Last year, God began to pour into me as I sought Him more than I ever had before. My relationship with Christ became something more than just the way I was raised. It became personal. It no longer felt like something I had to do. I didn’t want someone’s opinion on what Christianity should look like, but instead, I wanted to know what it was all about for myself. Then, God began to test just how much I wanted this because total surrender to Christ comes leaps of faith. "And without faith it is impossible to please God, because anyone who comes to him must believe that he exists and that he rewards those who earnestly seek him." (Hebrews 11: 6)

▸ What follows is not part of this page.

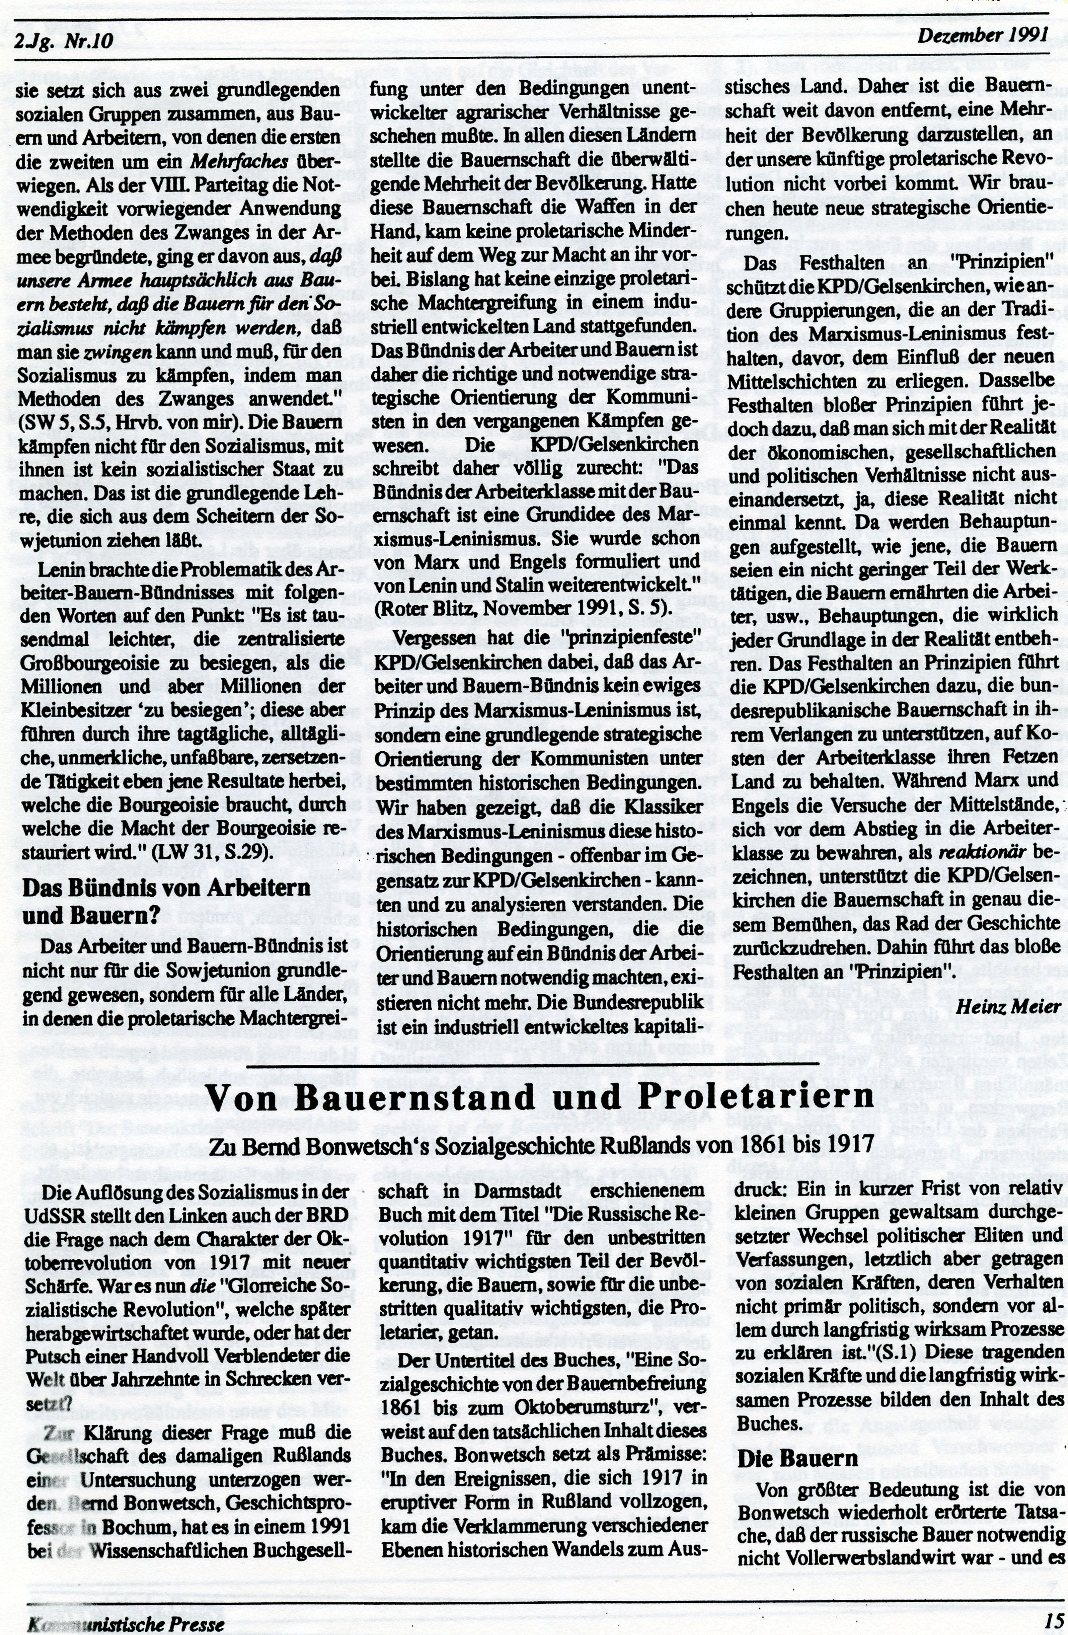 Gelsenkirchen_Kommunistische_Presse_1991_10_015

The first leap of faith was His calling on my life to another church. This took quite a while of going back in forth with God. I mean, why would God call me to go to a different church than my family, leaving my church family of eight years??? I was comfortable there and knew lots of people. So in a worldly sense it just didn’t make much sense. Especially with the love I had for this church and the impact it had made on my life throughout my youth years. Through much seeking and praying, God left me with no choice. I became miserable ignoring God’s calling and He became so clear in revealing this to me. The next step was the hardest step I was going to have to make up to that point in my life.
I was faithful to Gods calling into another church. So I was like, okay God, that wasn’t so bad. He quickly showed me that that wasn’t it. That He was going to require so much more Faith from me than He has ever required me to have before. I was going to have to have full dependence on God. God was calling me to move out of my home. I was instantly like, hold up! I’m not trying to grow up and get out right now! I can’t afford this and I just simply don’t want to leave home. So like before, I tried to ignore it. But it just continued to come up. Then one night, as I was on my way home from church, God put it on my heart to start putting back $50 a week from each paycheck. I had no idea why He would want me to do that but I said ok Lord, have your way and reveal to me why You want me to do this. Shortly after getting home my buddy sent me a text saying, “I feel like me and you should seriously start praying about possibly finding a place to rent”. I began to get a nervous stomach because I knew that was the answer that I had just asked for. To be sure that this was what God wanted me to do I really had to seek and pray. It was probably the hardest experience of growing up and stepping out in faith thus far. In a logical sense, this decision didn’t make sense and seemed a tad be stupid considering I would only be moving 15 minutes away.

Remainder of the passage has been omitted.